However, because the study area is all old wells with a long history, there are only the most conventional logging curves and core experiment data, and the logging attribute information is not comprehensive. There is a lack of 3D seismic data, nuclear magnetic resonance experimental data, mercury intrusion experimental data, and vertical and horizontal wave acoustic data. So many of the new methods mentioned above cannot be implemented in the study area. Considering that the FZI method only requires core pore permeability data and has achieved good classification results in similar clastic reservoirs, the FZI method was finally selected in this research.
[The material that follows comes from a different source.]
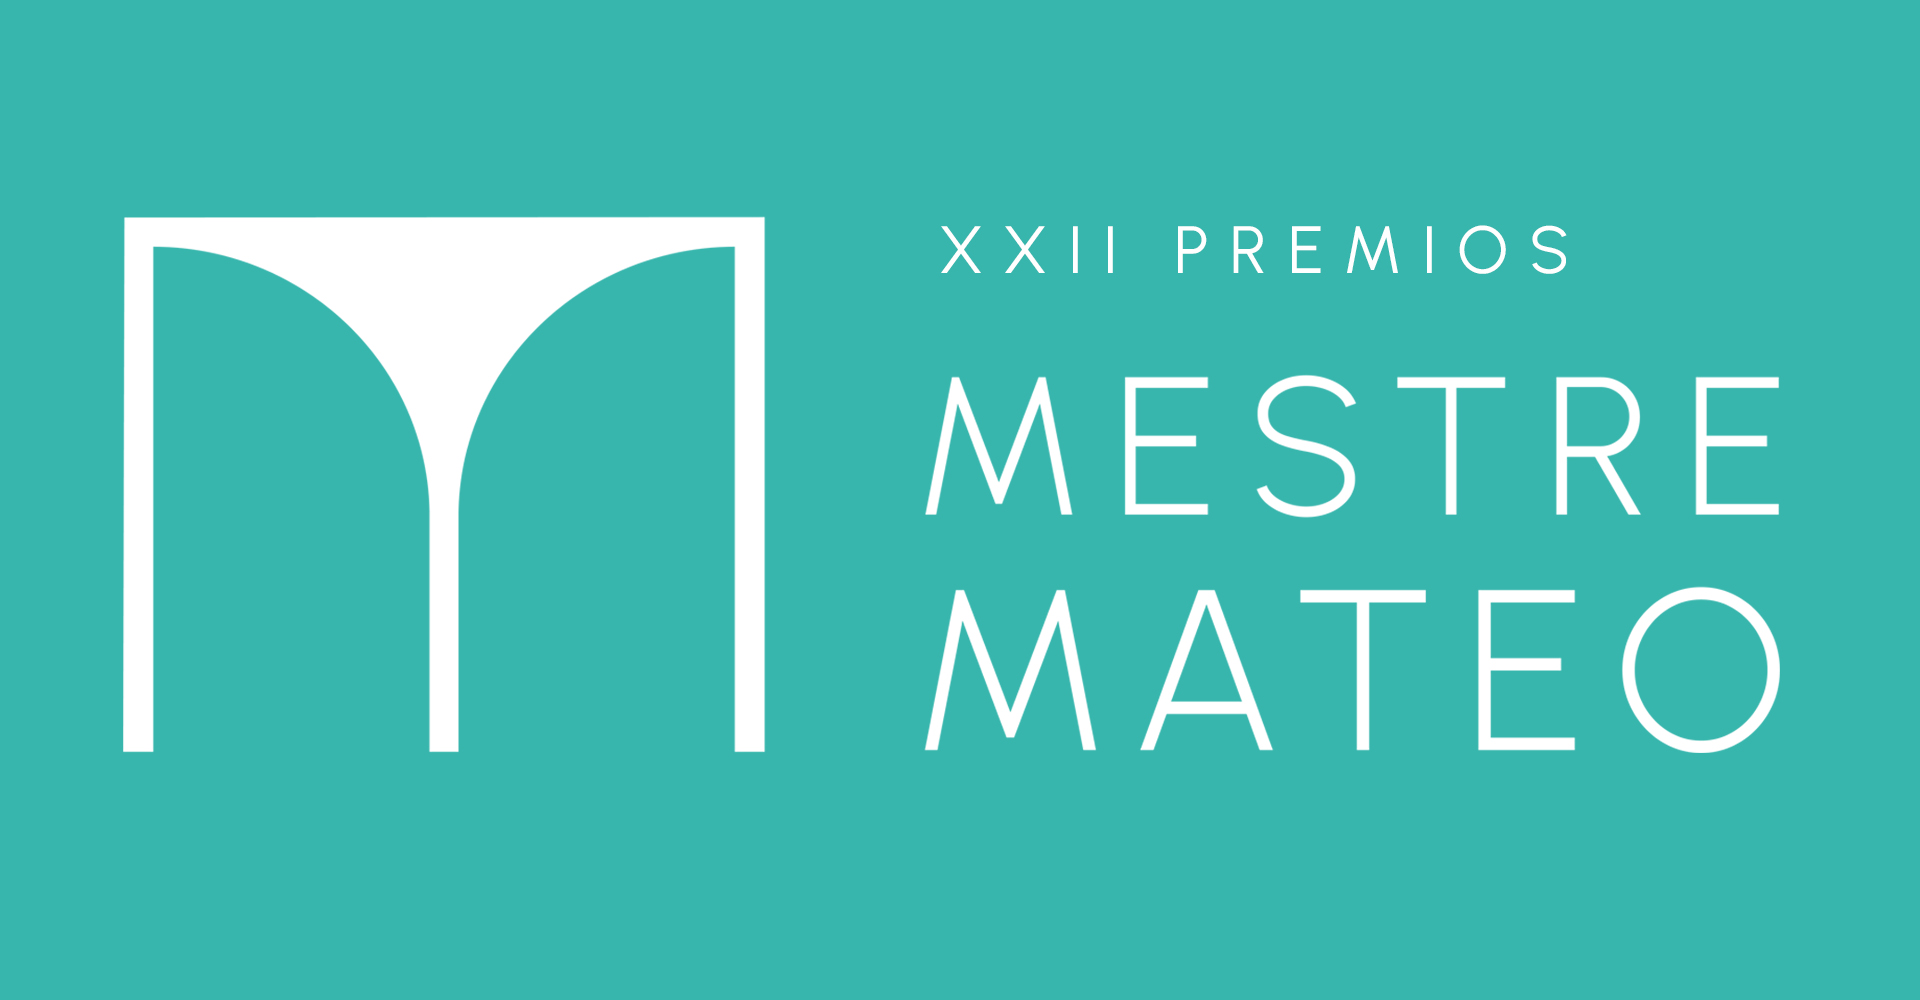 Aberto o prazo de inscrición para participar nos XXII Premios Mestre Mateo

The FZI method is widely used in the classification of domestic oilfields due to its simplicity and ease of use. However, after the classification results were obtained, they did not continue to study how to accurately identify the reservoir categories based on the classification results, nor did they combine the classification results with logging curves. Therefore, the rapid and accurate identification of reservoir categories is still a difficulty. In the past, due to technical limitations and other reasons, the vertical resolution of the logging curves measured was low, but the cost of retesting was too high. Usually, some mathematical methods were used to process the logging curves. The research used the deconvolution method to process the logging curves to effectively identify thin interbeds [21,22]. The research used resolution matching methods to improve the vertical resolution of the logging curves; research has proved that the resolution matching method is more suitable for processing resistivity curves [23,24]. But it is rare to combine two methods to process different logging curves in the processing of the same block curve. Conventional logging interpretation uses multi-mineral models to quickly and efficiently interpret and process, which will make it difficult to interpret some poor reservoirs accurately. The specific performance is that the calculation results of porosity, permeability, and oil saturation are lower than the actual situation; some oil layers are mistakenly interpreted as water layers or even dry layers. Therefore, it is necessary to make separate and fine interpretations for different types of poor reservoirs.

This paper proposes a comprehensive and systematic logging interpretation program for offshore oilfield X oilfield. Through the sensitivity analysis of the logging curve, the logging parameters that are higher for poorer reservoirs are selected [25]. The FZI method is used to classify reservoirs, and based on the classification results combined with natural gamma ray (GR), density (DEN), and neutron (CNL) logging curves, a chart and discriminant formula that can accurately identify the reservoir category based on the logging curves are established. Consider the type of III as poor reservoirs in this study area. Comprehensive analysis of geological data, logging data, and core data shows that the main reasons for the inaccurate logging interpretation of poor reservoirs in this study area are the low vertical resolution of logging curves and high GR characteristics in some thin sections. The resolution matching method and the deconvolution method are used to improve the longitudinal resolution of the logging curve, and separate models are established according to the situation to calculate the shale content, porosity, permeability, and saturation of the reservoir. In this paper, 20 wells in the study area used new data processing methods and interpretation schemes for logging evaluation, and core well Y was used to verify the practicability and accuracy of this scheme. The process of this new logging evaluation plan is shown in Figure 1.

Figure 1 
               Flow chart of logging evaluation.

Figure 1

Flow chart of logging evaluation.

2 Identification of poor reservoirs

In the work of logging evaluation, the most important thing is to identify reservoirs. High-quality reservoirs can be identified simply based on the amplitude change of the logging curve. However, there is currently no qualitative good method for identifying poor reservoirs.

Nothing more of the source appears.